Direct field calculation (only if src and rec are in the same layer):

• If True, direct field is calculated analytically in the frequency domain.

• If False, direct field is calculated in the wavenumber domain.

• If None, direct field is excluded from the calculation, and only reflected fields are returned (secondary field).

Defaults to False.

loop{None, ‘freq’, ‘off’}, optional

Define if to calculate everything vectorized or if to loop over frequencies (‘freq’) or over offsets (‘off’), default is None. It always loops over frequencies if ht=’qwe’ or if pts_per_dec=-1. Calculating everything vectorized is fast for few offsets OR for few frequencies. However, if you calculate many frequencies for many offsets, it might be faster to loop over frequencies. Only comparing the different versions will yield the answer for your specific problem at hand!

Returns
EMEMArray, (nfreqtime, nrec, nsrc)

Frequency- or time-domain EM field (depending on signal):

• If rec is electric, returns E [V/m].

• If rec is magnetic, returns H [A/m].

EMArray is a subclassed ndarray with .pha and .amp attributes (only relevant for frequency-domain data).

The shape of EM is (nfreqtime, nrec, nsrc).

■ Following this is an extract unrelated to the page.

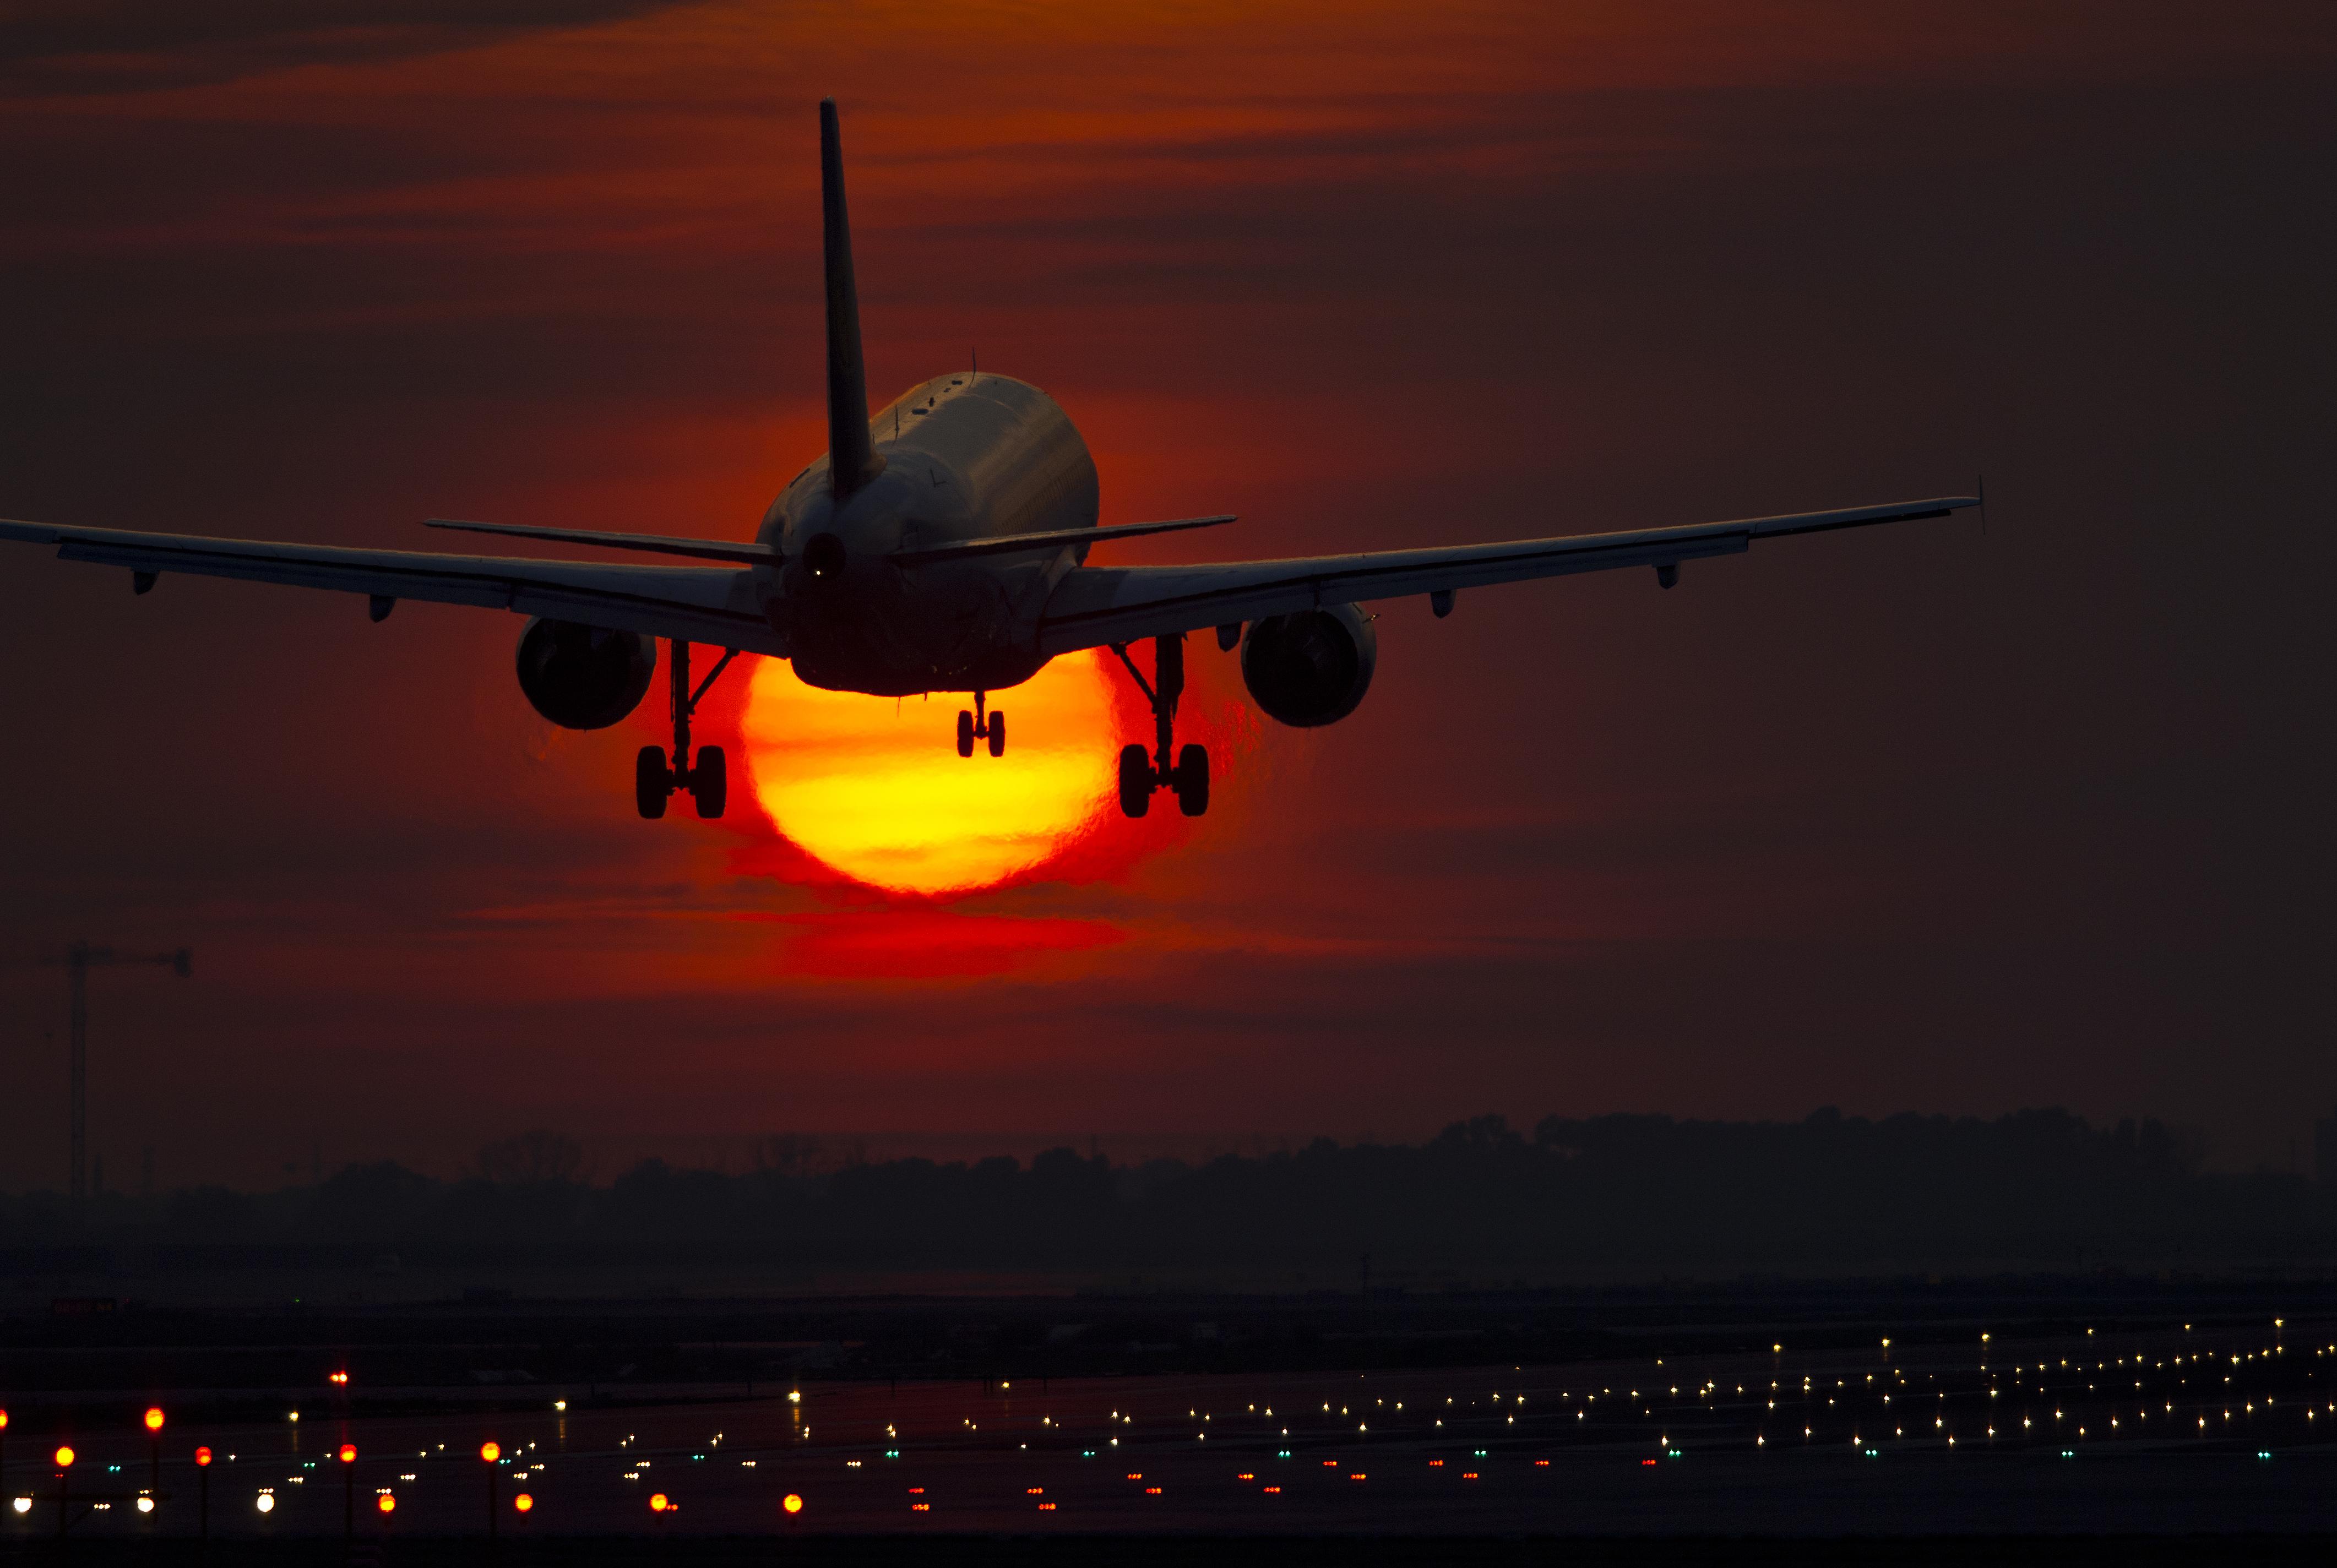 Tanie loty do Lizbony z Lufthansa wakacje 2014
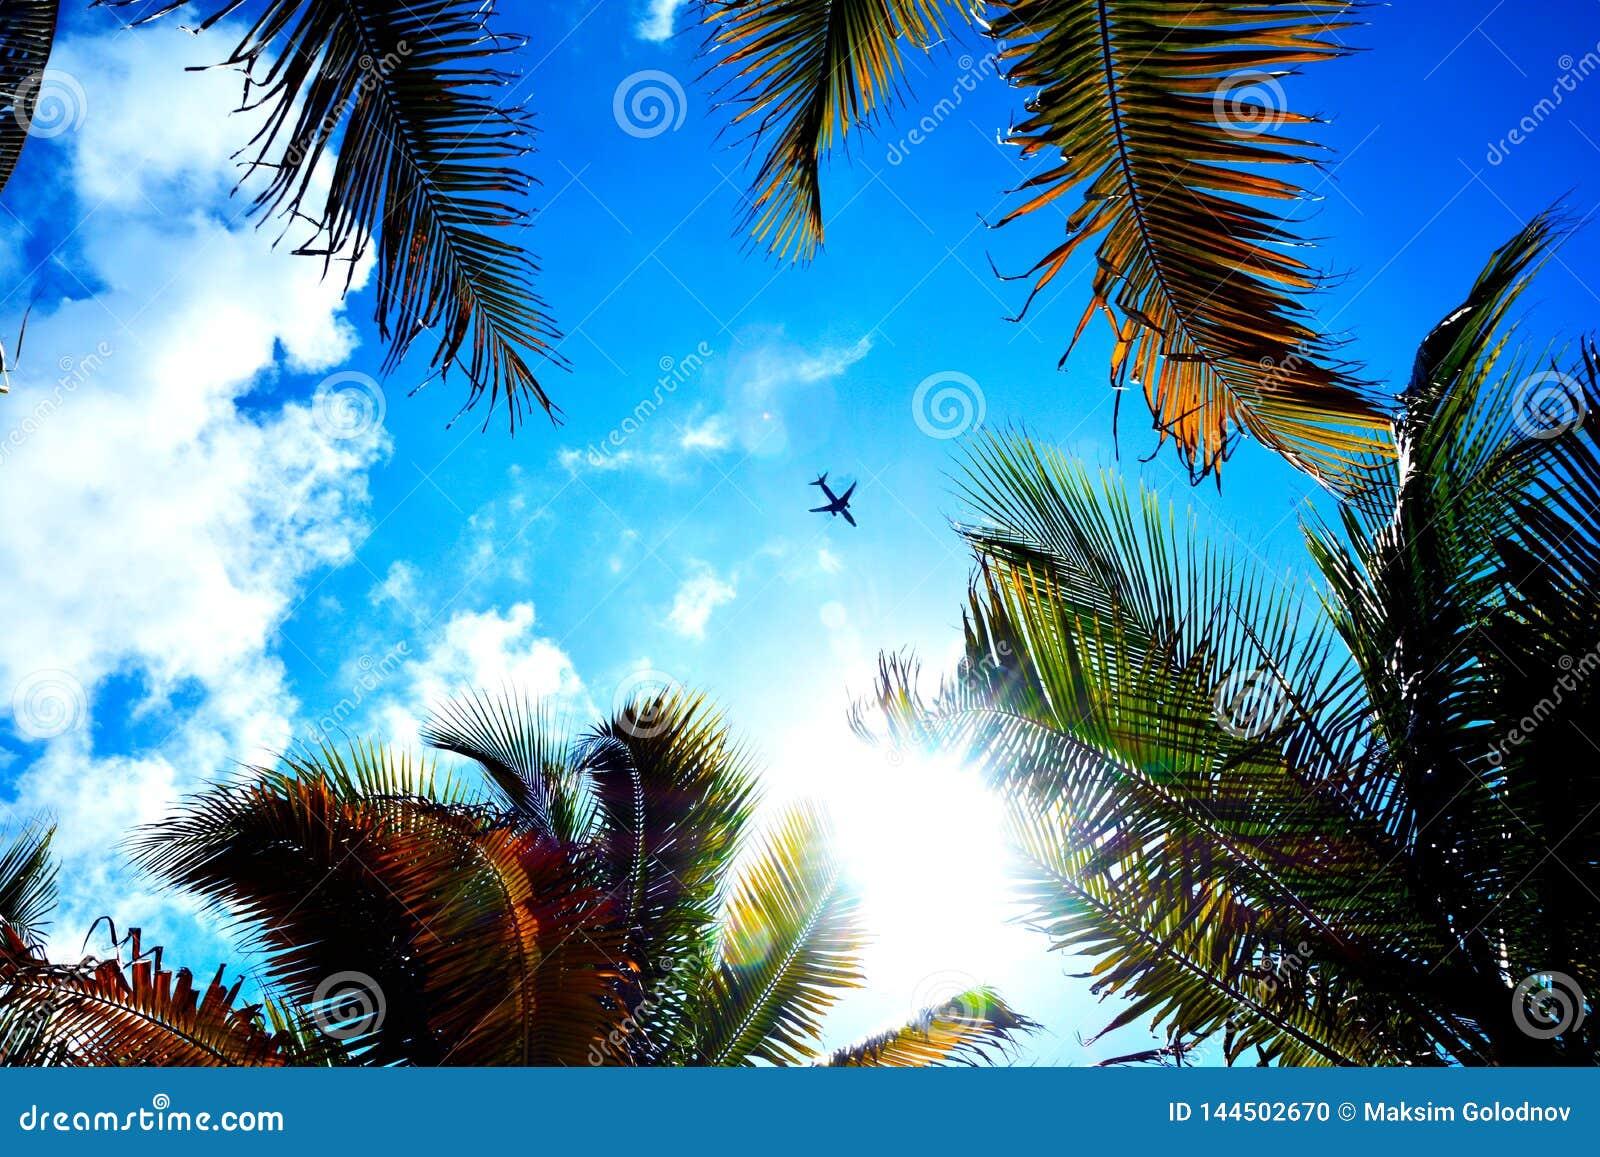 在棕榈上的平面飞行

However, single dimensions are removed.

dipole

EM fields due to infinitesimal small EM dipoles.

loop

EM fields due to a magnetic source loop.

Examples

In : import empymod
...: import numpy as np
...: # x-directed bipole source: x0, x1, y0, y1, z0, z1
...: src = [-50, 50, 0, 0, 100, 100]
...: # x-directed dipole receiver-array: x, y, z, azimuth, dip
...: rec = [np.arange(1, 11)*500, np.zeros(10), 200, 0, 0]
...: # layer boundaries
...: depth = [0, 300, 1000, 1050]
...: # layer resistivities
...: res = [1e20, .3, 1, 50, 1]
...: # Frequency
...: freq = 1
...: # Calculate electric field due to an electric source at 1 Hz.
...: # [msrc = mrec = False (default)]
...: EMfield = empymod.bipole(src, rec, depth, res, freq, verb=3)
...:

:: empymod START  ::  v2.1.2

depth       [m] :  0 300 1000 1050
res     [Ohm.m] :  1E+20 0.3 1 50 1
aniso       [-] :  1 1 1 1 1
epermH      [-] :  1 1 1 1 1
epermV      [-] :  1 1 1 1 1
mpermH      [-] :  1 1 1 1 1
mpermV      [-] :  1 1 1 1 1
direct field    :  Comp. in wavenumber domain
frequency  [Hz] :  1
Hankel          :  DLF (Fast Hankel Transform)
> Filter      :  Key 201 (2009)
> DLF type    :  Standard
Loop over       :  None (all vectorized)
Source(s)       :  1 bipole(s)
> intpts      :  1 (as dipole)
> length  [m] :  100
> strength[A] :  0
> x_c     [m] :  0
> y_c     [m] :  0
> z_c     [m] :  100
> azimuth [°] :  0
> dip     [°] :  0